Lloyd’s has today announced Ontario Teachers’ Pension Plan Board (Ontario Teachers’), administrator of Canada's largest single-profession pension plan, with approximately $227.7 billion in net assets, as the first investor to provide capital through the London Bridge Risk (LBR) Protected Cell Company (PCC).
The transaction will provide reinsurance cover to a Member supporting three syndicates in the Lloyd’s market: CFC Syndicate 1988, Beazley’s Syndicate 5623 and Beat’s Syndicate 1416. Coverage will start in 2021 and will be expanded in 2022, providing initial capital in excess of £100m, which is anticipated to grow over time.
The PCC operates under the UK Risk Transformation regulations and provides an access point for both UK and international investors, including Insurance-linked Securities (ILS) investors, to deploy funds in a tax transparent way into the Lloyd’s market. Lloyd’s members can use this vehicle to manage their capital requirements by attracting new classes of investors, including pension funds, and will benefit from reduced set-up times and lower transactional costs.
Burkhard Keese, CFO, Lloyd’s said: “I am delighted to welcome major global pension investor Ontario Teachers’, who are well regarded in the ILS community, as the first to utilise LBR PCC to participate in underwriting at Lloyd’s. It is a great achievement to see the PCC used, on-shore in the UK, to deliver reinsurance coverage and I am confident that this will be the first of many ILS investments into Lloyd’s as investors, members and syndicates increasingly appreciate the potential of this transformer vehicle.”

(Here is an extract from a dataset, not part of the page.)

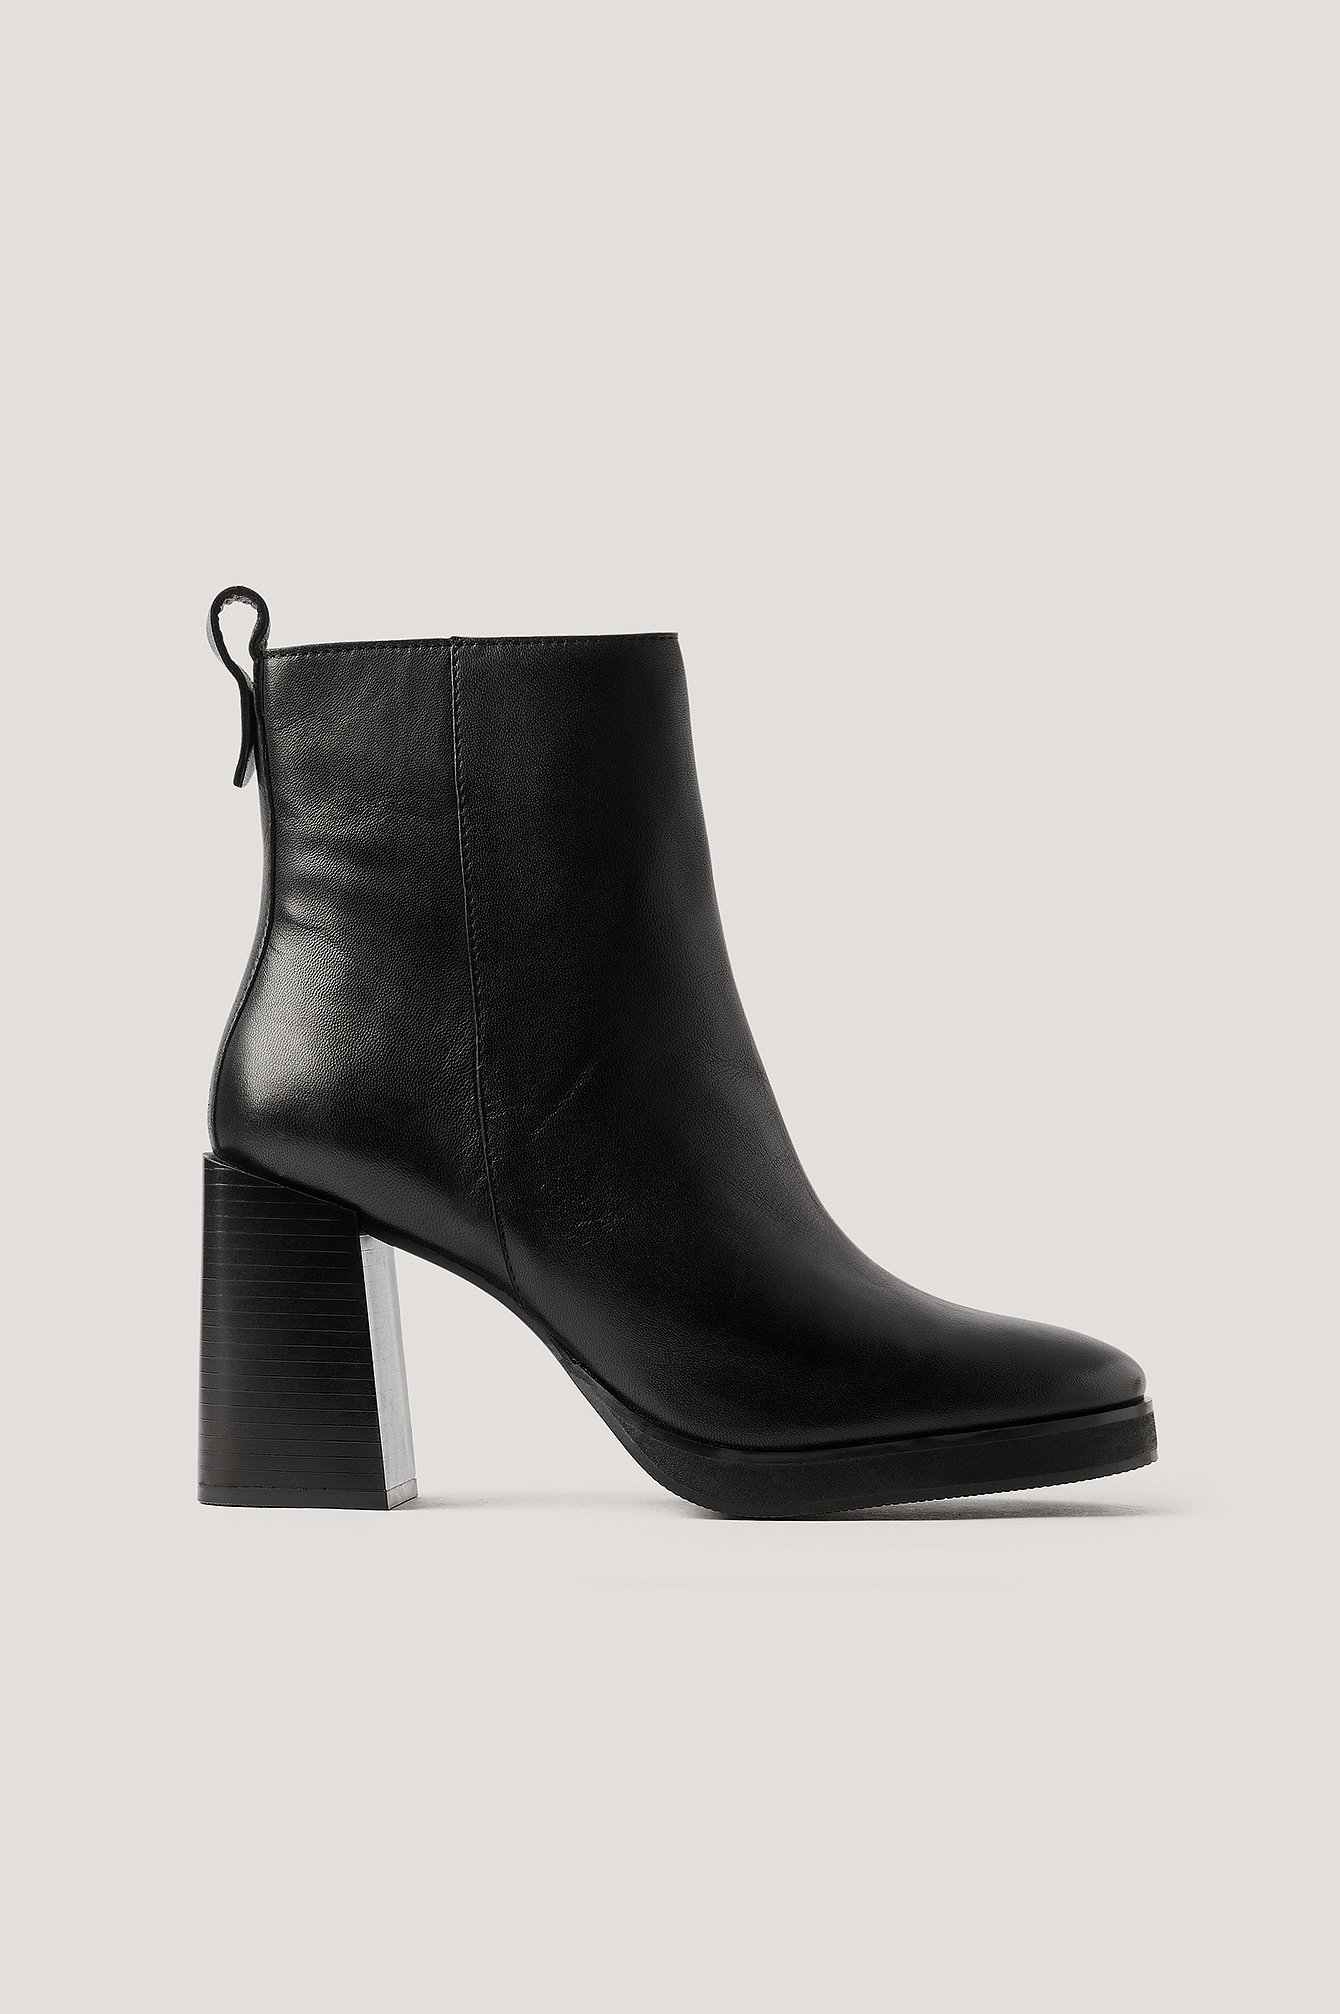 NA-KD Shoes Nahkasaappaat Platform-Pohjalla - Black

Nick Jansa, Senior Managing Director, EMEA, at Ontario Teachers’ said: “We invest in a range of global assets, including insurance-linked securities, and are always looking for efficient opportunities to maximise returns and increase value for our members. LBR PCC provides an innovative and efficient way to simplify our investment structures as we continue to grow our global footprint.”
Adrian Cox, CEO Beazley Group, said: “Beazley is pleased to see the successful launch of the first LBR PCC acting as a transformer for institutional capital to access one of our most innovative underwriting portfolios. As those portfolios continue to grow over the coming years, Beazley hopes to see further users of the new UK ILS infrastructure benefiting from low cost, efficient access to the group’s underwriting expertise.”
Matt Taylor, Active Underwriter at CFC Syndicate 1988 said: “As a newly established syndicate, we are delighted to have been able to benefit from capital support via LBR PCC, with its pre-approved status as an onshore transformer vehicle in the UK. For a syndicate with CFC’s high growth expectations, capital delivery mechanisms like LBR PCC, that allow simplified investor access to our unique premium portfolio, are crucial when attracting sophisticated large-scale institutional investors.”
Paul Rayner, Partner, Beat Capital Partners said: “Beat is excited to have partnered with LBR PCC in the formation funding of Syndicate 1416. Given our perpetual third-party capital outlook, LBR PCC is a strategically important innovation that allows us to efficiently connect with high quality alternative capital partners alongside our existing capacity supporters.”